Maria José Ribeiro conta que o interior do Estado de São Paulo viveu uma expansão da cultura do algodão entre 1862 e 1875, devido principalmente à Guerra de Secessão (1861-1865), que afetou as áreas produtoras do sul dos Estados Unidos, maior fornecedor da indústria têxtil inglesa. O conflito também fez com que sulistas imigrassem para terras brasileiras compradas pelo senador do Alabama William Norris, na Fazenda Machadinho. Adquirindo novas áreas em direção a Santa Bárbara, esses imigrantes implantaram o arado e outras técnicas agrícolas na região, que seria chamada de Vila dos Americanos. Foi do superintendente da São Paulo Hailway, J. Albertin, a iniciativa de distribuir sementes para os nossos agricultores. Porém, finda a guerra civil, os americanos voltaram a exportar algodão para a Inglaterra.
Sem mercado externo para o produto brasileiro, surgiram as primeiras tecelagens paulistas, uma delas na Fazenda São Domingos (hoje Carioba). Ela foi inaugurada pelo engenheiro americano Willian Ralston e os irmãos fazendeiros Antonio e Augusto de Souza Queiroz, em 1875, mesmo ano da construção da Estação Santa Bárbara. Em 1884, a tecelagem foi comprada pelos irmãos ingleses Clement e George Willmot, que ampliaram as instalações para produzir casimira de alto padrão e iniciaram a construção da Vila Operária. Endividados com o Banco do Brasil, faliram em 1896, registrando-se aí um hiato na história da fábrica, que ficou fechada até 1901, quando foi arrematada em leilão pelo comendador alemão Franz Müller, em sociedade com seu irmão Hermann e o capitalista inglês Rawlinson.

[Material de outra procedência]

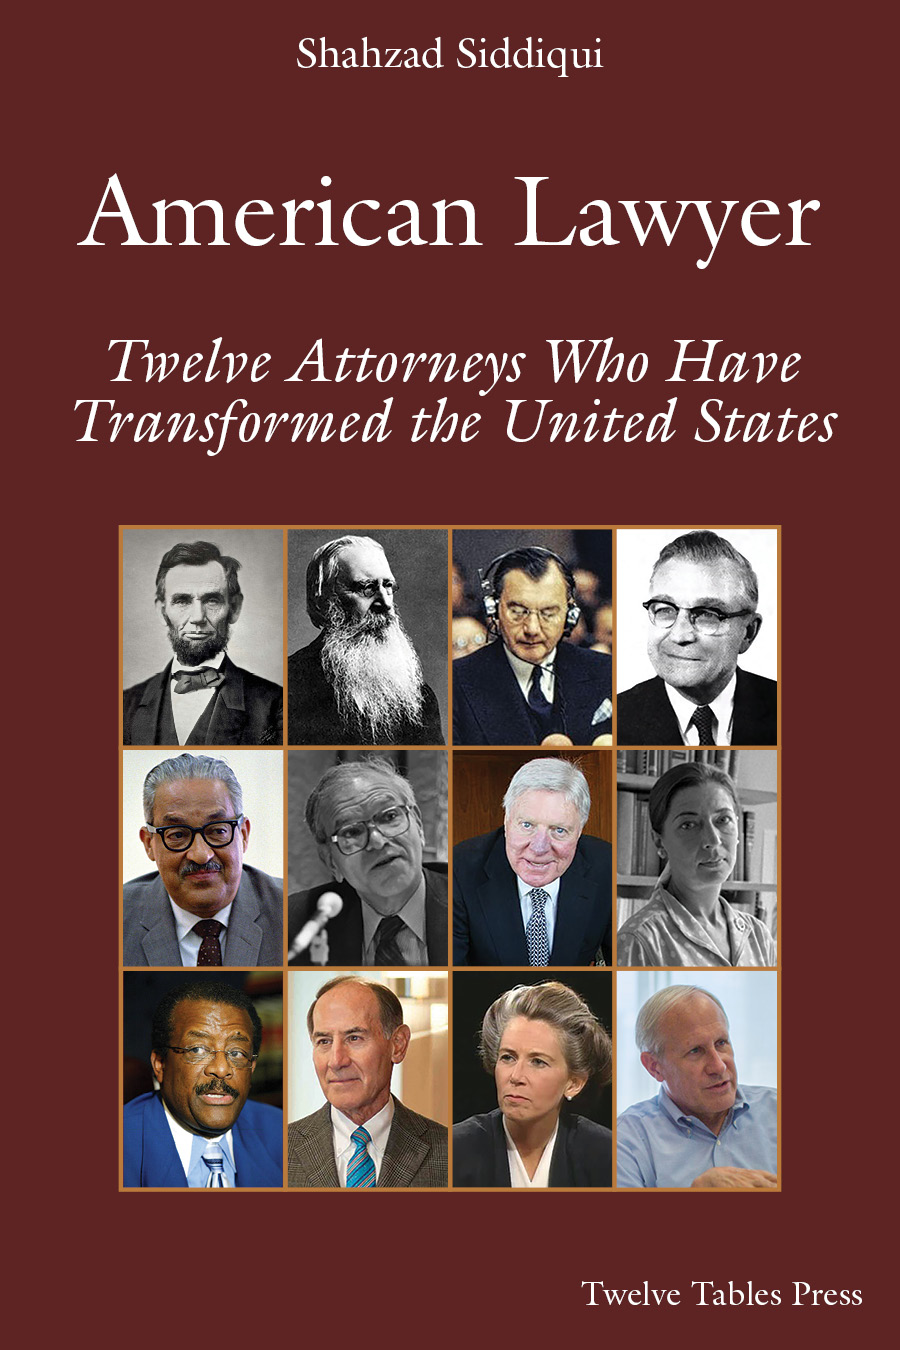 American Lawyer, Twelve Attorneys Who Have Transformed the United States thumbnail

Encanto “A intenção do comendador era de apenas recolocar a fábrica em funcionamento para em seguida vendê-la. Mas ele se encantou com a paisagem, as instalações margeavam tanto o ribeirão Quilombo como o rio Piracicaba”, afirma Maria José Ribeiro. Ao redor da casa-sede, Franz Müller ergueu outras para os filhos, além de ampliar a Vila Operária e dotá-la de toda infraestrutura. Como necessitava de nova fonte geradora de energia para expandir a fábrica, comprou em 1907 a Fazenda Salto Grande, situada hoje do outro lado da via Anhanguera. Ali construiu a hidrelétrica que ficou pronta em 1911 e forneceu energia elétrica não apenas para a fábrica e os empregados, como também para a Vila Americana, Santa Bárbara, Sumaré, Nova Odessa e Cosmópolis. Foi nesse período que a família adotou o sobrenome Müller Carioba.
Na fazenda adquirida a família desenvolveu um projeto agrícola, integrando a produção de algodão e o processo de fabricação de tecidos. “É um exemplo de industrialização vertical já no início do século 20. A firma mantinha convênios com o Instituto Agronômico de Campinas (IAC) para o desenvolvimento de sementes de algodão, milho e feijão, e produzia feno para a pecuária de leite. Os produtos abasteciam também a Vila Operária”, informa a doutoranda.
A historiadora Ema Camillo, do Centro de Memória da Unicamp (CMU), autora do Guia Histórico da Indústria Nascente em Campinas, informa que em 1919 a Carioba produziu “7 milhões de metros quadrados de tecidos de algodão, em riscados, zephires, brins, lonas etc”. Empregava, então, 720 operários, na maioria imigrantes italianos, que moravam em 215 casas; o número de empregados chegou a 2.000 em 1939. Ainda de acordo com a pesquisadora, os Müller “imprimiram sua marca pessoal não só à administração da fábrica, mas para além dela e que marcou época, caracterizada fundamentalmente pelo estímulo à vida comunitária e pela preocupação com a preservação do meio ambiente”.
Quando Franz Müller faleceu, em 1920, os próprios operários encomendaram um busto em sua homenagem.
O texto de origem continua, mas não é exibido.